Keywords: standard of care, psychosis, antipsychotics, artificial intelligence in medicine, chatgpt, treatment-resistant schizophrenia
Introduction
Chat Generative Pre-trained Transformer (ChatGPT) is an artificial intelligence (AI) program developed by OpenAI that was launched on November 30, 2022, and has since become a cultural phenomenon [1]. ChatGPT utilizes a large database of information to respond to user inquiries with language replicating human discourse. Thus far, the program has demonstrated its capacity to perform in medicine by successfully passing the United States Medical Licensing Examination (USMLE) Step 1, Step 2 clinical knowledge (CK), and Step 3 medical board examinations [1,2]. Additionally, the program has proven to create differential diagnosis lists with 93.3% accuracy of the actual disease when prompted with common clinical vignettes [3]. These processes demonstrate the ability of ChatGPT to match textbook knowledge to well-established diseases. Some propose that ChatGPT may serve the medical community by collecting information from electronic medical records, organizing content for literature reviews, connecting diagnoses with billing codes, and other data management services [4,5]. By taking advantage of AI’s ability to recognize and organize data, medical practitioners may focus more energy on patient care [6].

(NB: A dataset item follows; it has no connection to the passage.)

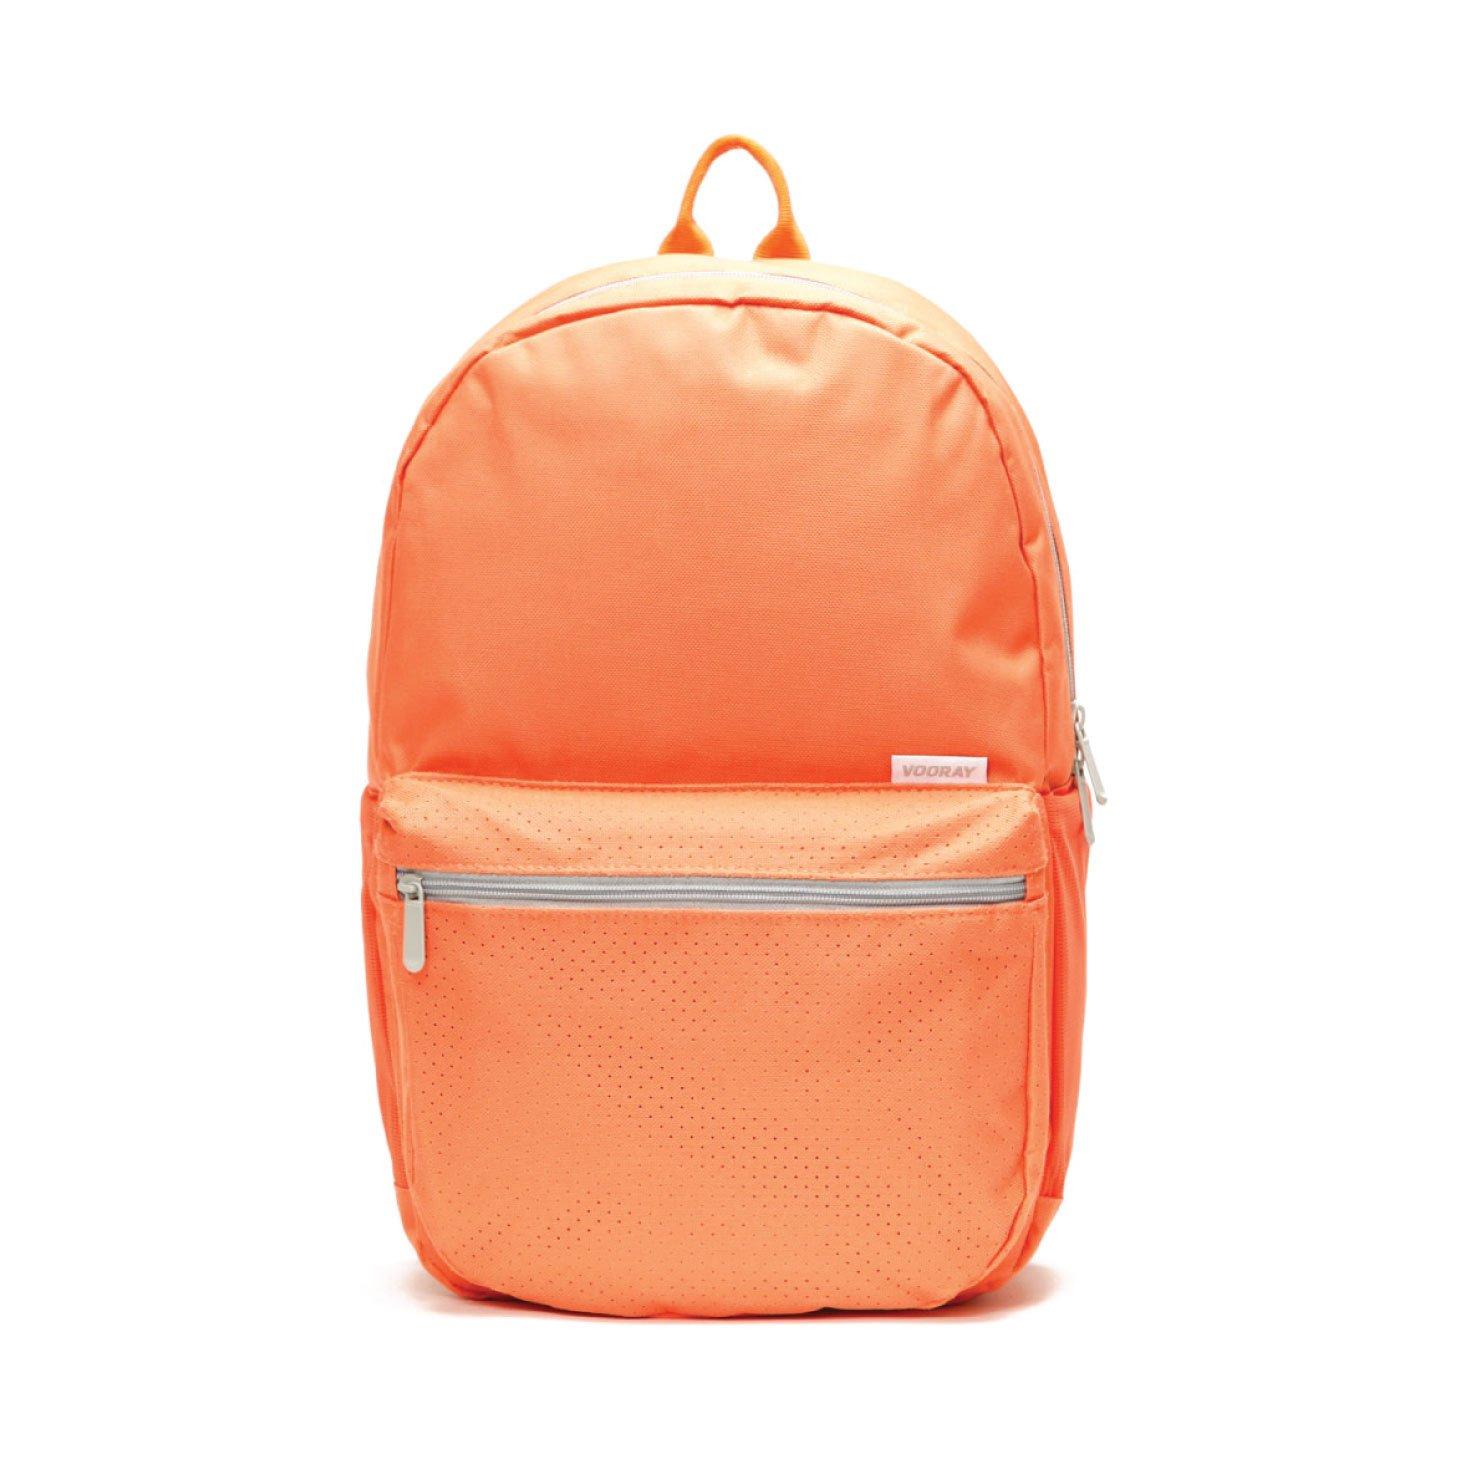 ACE Backpack, Blaze Orange – VOORAY

ChatGPT may have a role in optimizing treatment for complex diseases in psychiatry like treatment-resistant schizophrenia (TRS). Approximately 20%-30% of patients diagnosed with schizophrenia do not respond to antipsychotic medications [7]. If they fail to respond to at least two antipsychotic trials, these patients are described as having TRS [8]. These patients may require more potent antipsychotics, like clozapine, the only FDA-approved medication for TRS [8,9]. However, it may be associated with a greater risk of agranulocytosis, sialorrhea, myocarditis, cardiomyopathy, weight gain, sedation, and constipation [10]. Even then, clozapine has only demonstrated beneficial impacts on approximately one-third of this treatment-resistant population [7]. The pharmacologic management of TRS is challenging and poses an opportunity for ChatGPT to use extensive foundational knowledge of medicine alongside emerging data to provide pertinent feedback to clinician inquiry. Additional adjuvants to medication include electroconvulsive therapy (ECT), repetitive transcranial magnetic stimulation (rTMS), deep brain stimulation, expressive therapy, talk therapy, exercise therapy, cognitive behavioral therapy, and hallucination-focused integrative therapy [8,11-13]. When considering alternate or adjuvant treatment modalities, ChatGPT might provide evidence-based treatment recommendations tailored to patients’ needs, history, and preferences. TRS carries a significant clinical and economic burden on patients, families, and society [14,15]. Many studies suggest that patients with TRS have more severe symptoms, earlier age of diagnosis, and worse quality of life compared to their treatment-responsive counterparts [8]. TRS has been shown to have higher rates of hospitalization, health resource utilization, substance abuse, unemployment, aggression, and suicidality [14,15]. The AI platform ChatGPT may curate data to assist healthcare practitioners in providing efficient, personalized, and evidence-based care for complex medical conditions like TRS.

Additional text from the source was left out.